I do wonder about any changes in the algorithm which drops the cw of a relay [1] by a magnitude within 1 year as seen in [2]?
[1] https://metrics.torproject.org/rs.html#details/1AF72E8906E6C49481A791A6F8F84... [2] https://screenshotscdn.firefoxusercontent.com/images/040958f1-a5be-4630-9551...
Toralf Förster:
I do wonder about any changes in the algorithm which drops the cw of a relay [1] by a magnitude within 1 year as seen in [2]?
[1] https://metrics.torproject.org/rs.html#details/1AF72E8906E6C49481A791A6F8F84... [2] https://screenshotscdn.firefoxusercontent.com/images/040958f1-a5be-4630-9551...
You are looking at cw **fraction**, which is a relative value compared to the rest of the network, which is why I think it isn't the best value to look at when trying to determine "is my relay doing better or worse than usual?"
If your relay is doing great as usual and others add 50 Gbit/s of capacity you might see your cw fraction and exit probability go down.
Your cw fraction and exit probability is decreasing since several month, at the same time the the overall tor network capacity increased:
https://metrics.torproject.org/bandwidth.png?start=2017-08-21&end=2018-0... https://metrics.torproject.org/bandwidth-flags.png?start=2017-08-21&end=...
The better question might be: Did your absolute cw value decrease as well or did it remain static?
This is why I'd like to see absolute CW graphs in addition to the fraction graphs (and even the ratio of them), here is the ticket:
On 8/19/18 11:58 AM, nusenu wrote:
If your relay is doing great as usual and others add 50 Gbit/s of capacity you might see your cw fraction and exit probability go down.
Your cw fraction and exit probability is decreasing since several month, at the same time the the overall tor network capacity increased:
Well, that's indeed the area Id like to understood fully in detail.

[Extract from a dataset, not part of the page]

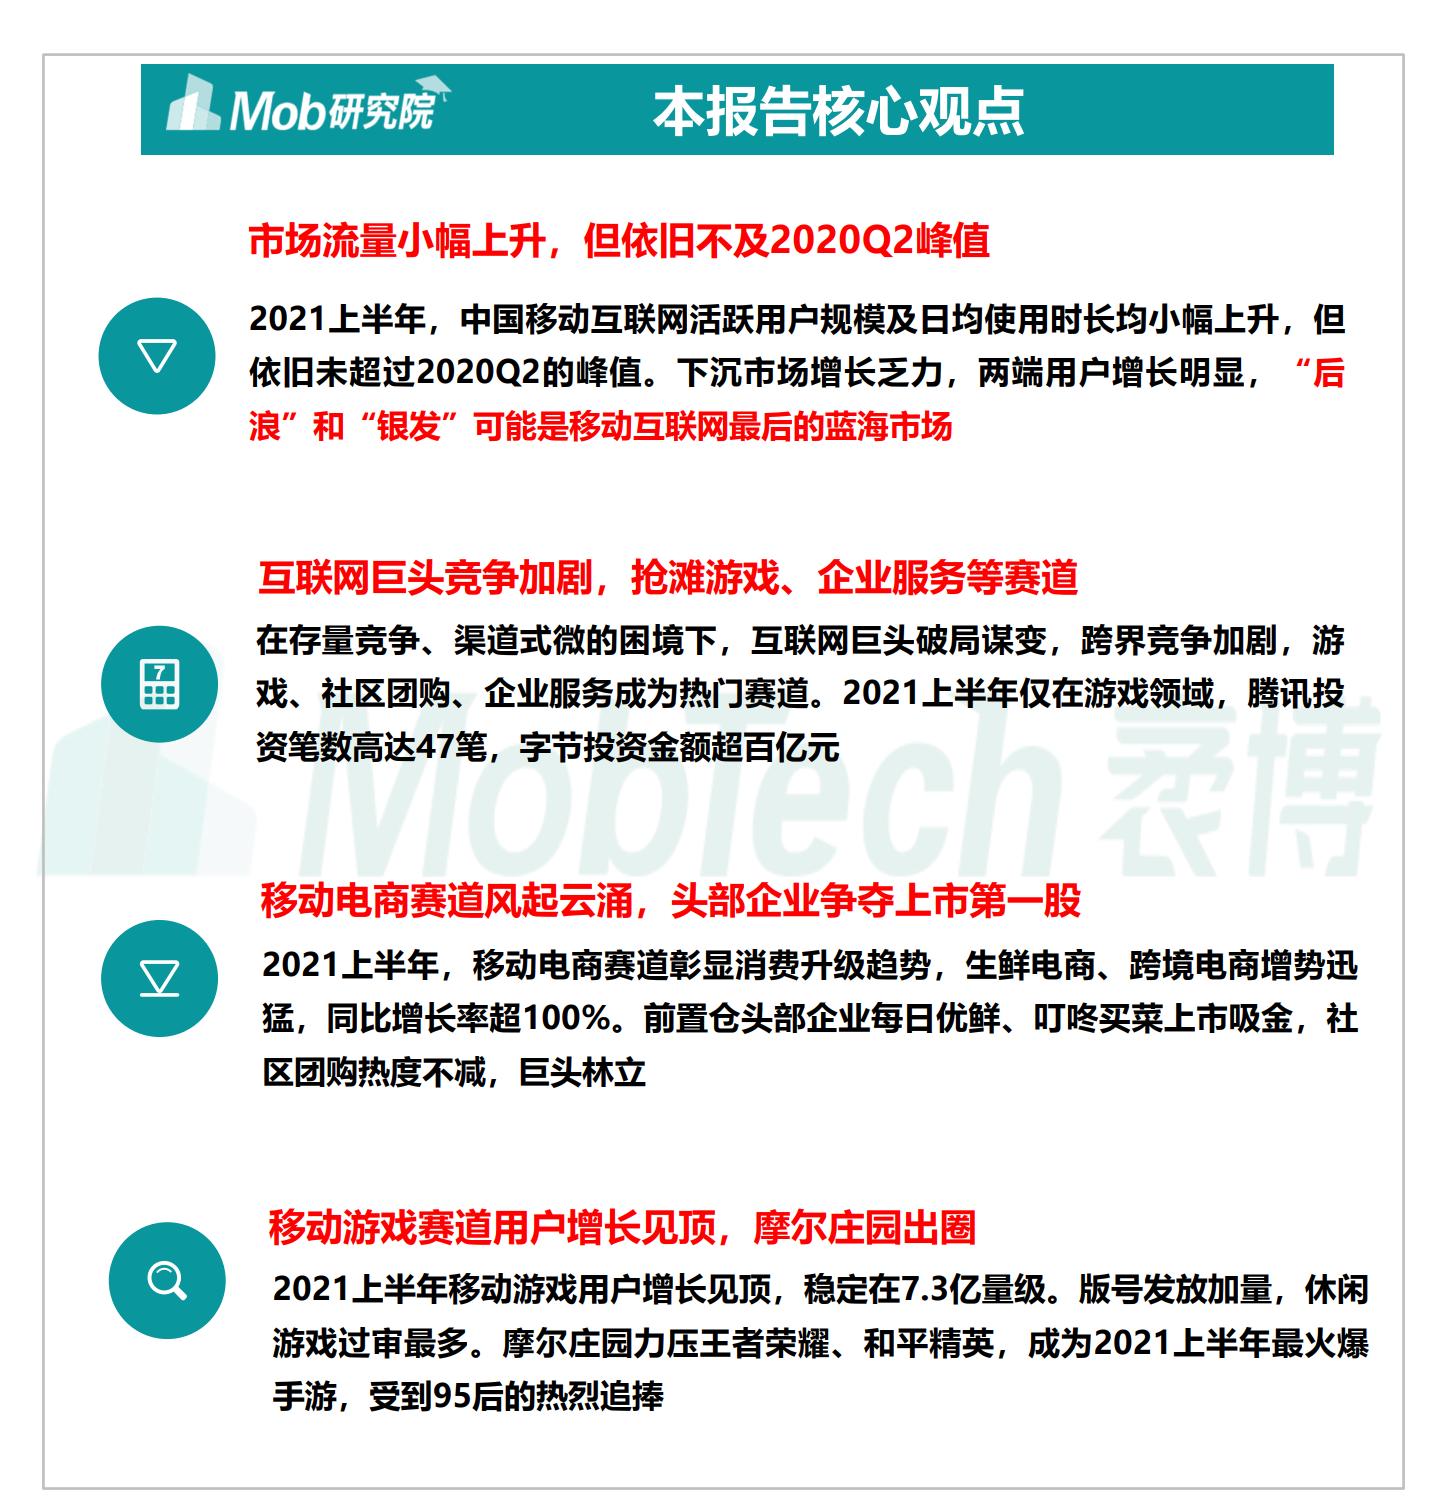 2021年中国移动互联网半年度大报告插图2

The overall bandwidth of the network changed roughly by a factor of 2, whilst my cw fraction value decreased down from 0.245% to 0.032% - which is a factor of 10.
One possible explanation could be that most of the network growth was made at the same AS as where I do reside?
Toralf Förster:
One possible explanation could be that most of the network growth was made at the same AS as where I do reside?
AS is not taken into account for path selection but same /16 IPv4 netblock and same family is.
On 19 Aug 2018, at 22:29, nusenu nusenu-lists@riseup.net wrote:
Toralf Förster:
One possible explanation could be that most of the network growth was made at the same AS as where I do reside?
AS is not taken into account for path selection but same /16 IPv4 netblock and same family is.
Bandwidth authorities do not use these client path selection rules. (Bandwidth authorities select paths based on the Exit flag, and previous bandwidths.)
Client path selection does change relay bandwidth, which then changes: * the residual relay bandwidth available for measurements, and * the scaling applied to raw bandwidth measurements. But these factors tend to cancel each other out.